Всегда найдутся эскимосы, которые
напишут для жителей Бельгийского Конго
правила поведения в тропическую жару
Станислав Ежи Лец

В колонии строгого режима я существовал уже при нынешних - новых - правилах внутреннего распорядка. Примечательно, что, как и в следственном изоляторе, я ни у кого из заключенных не видел этих правил в частном пользовании. Потом мне стало ясно, что и администрация колонии не была заинтересована в том, чтобы осужденные читали эти правила (и вообще - читали); и осужденным они были "до лампады", потому что толку от них - как мяса в баланде.
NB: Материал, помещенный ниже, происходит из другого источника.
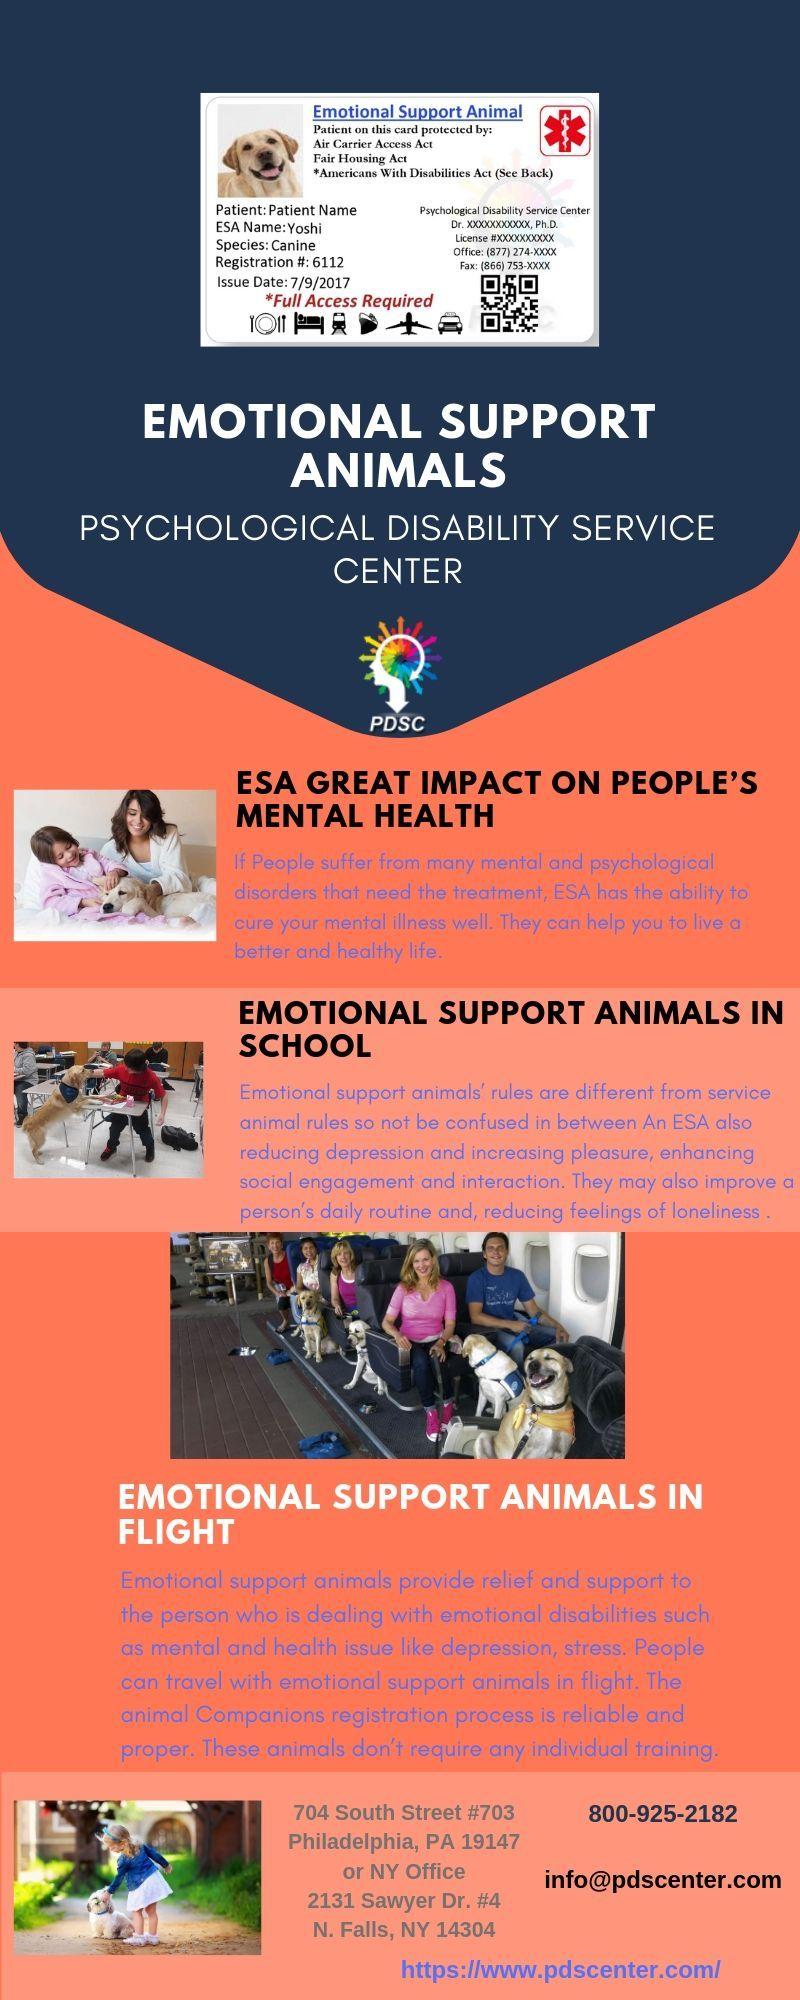 Service Dog Doctor Letter Emotional Support Animal Emotional Support Esa Letter

На мой взгляд, зря государство в лице ГУИН боится давать зекам правила: в них нет ничего такого особенно полезного или вредного для "спецконтингента" (так, стыдливо, государство называет осужденных). Ну, вычитают они, что гражданин начальник должен обращаться к ним на "вы", ну, поржут маленько. Как и над тем, что запрещено иметь ножи, деньги, а письма прокурору не должны вскрываться...

В России правила (причем любые) не соблюдаются, как правило, никем - ни теми, кто пишет, ни теми, для кого они написаны. Исходя из опыта, приведу некоторые примеры.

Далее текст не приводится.